Пупок | страница 46
Как-то в воскресный день мы позволили себе роскошь прокатиться наречном трамвайчике с Павликом. День был чудесный, кончался сентябрь. С бордовых теннисных кортов долетали до нас сочные круглые звуки мячей. В рыжей цыганской юбке до пят стояли Ленинские горы. Университетский шпиль распустил на солнце павлиний хвост. Павлик бегал по палубе и смеялся. Вдруг он остановился, заупрямился, посмотрел на воду и произнес отчетливо:
— И-ка!
Таня слабо вскрикнула, потеряла сознание и опрокинулась за борт. На счастье, в нашем трамвайчике плыла самоотверженная группа юношей. Они выловили и откачали Таню, а заодно и меня, неуклюже выбросившегося ей вслед. С тех пор она начала заикаться. Я долго убеждал ее в том, что Павлик имел в виду реку. Он сам, маленький, говорил:
— Да, я имел в виду е-ку, мамочка, — и Таня слабенькой рукой гладила его по головке, но заикаться не перестала. Павлик пошел в маму, к икре он был равнодушен. Тем не менее, мы все больше опускались на дно. Деревце диссертации погибло. Я распилил его ствол и вынес на помойку.

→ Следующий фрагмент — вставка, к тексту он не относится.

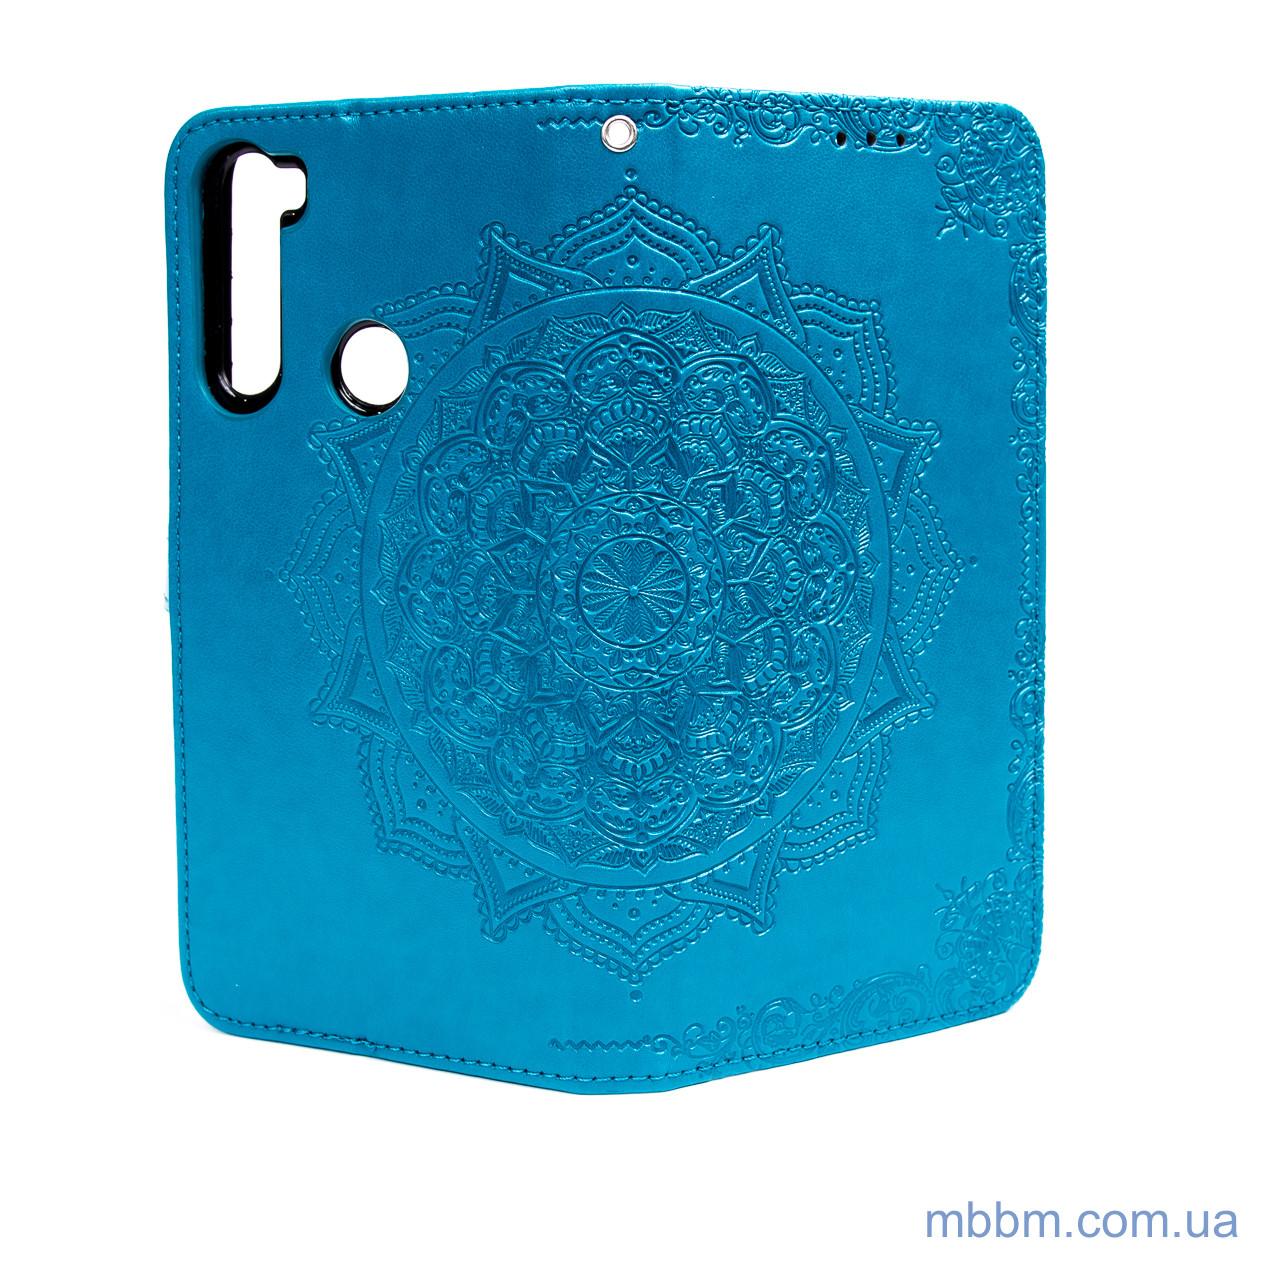 Art Case с визитницей Xiaomi Redmi Note 8t Blue

Таня с ненавистью твердила: «Эгоист». Я сделал отчаянную попытку переехать с семьей в Астрахань, чтобы устроиться там работать на рыбоконсервном комбинате и утолять свою страсть минимальными средствами. Но Таня в последнюю минуту не захотела покинуть Москву. Тогда на коленях я стал умолять ее развестись со мной и начать новую жизнь, а она только качала головой и, жарко давясь согласными, спрашивала: «Какая для заики может быть новая жизнь?»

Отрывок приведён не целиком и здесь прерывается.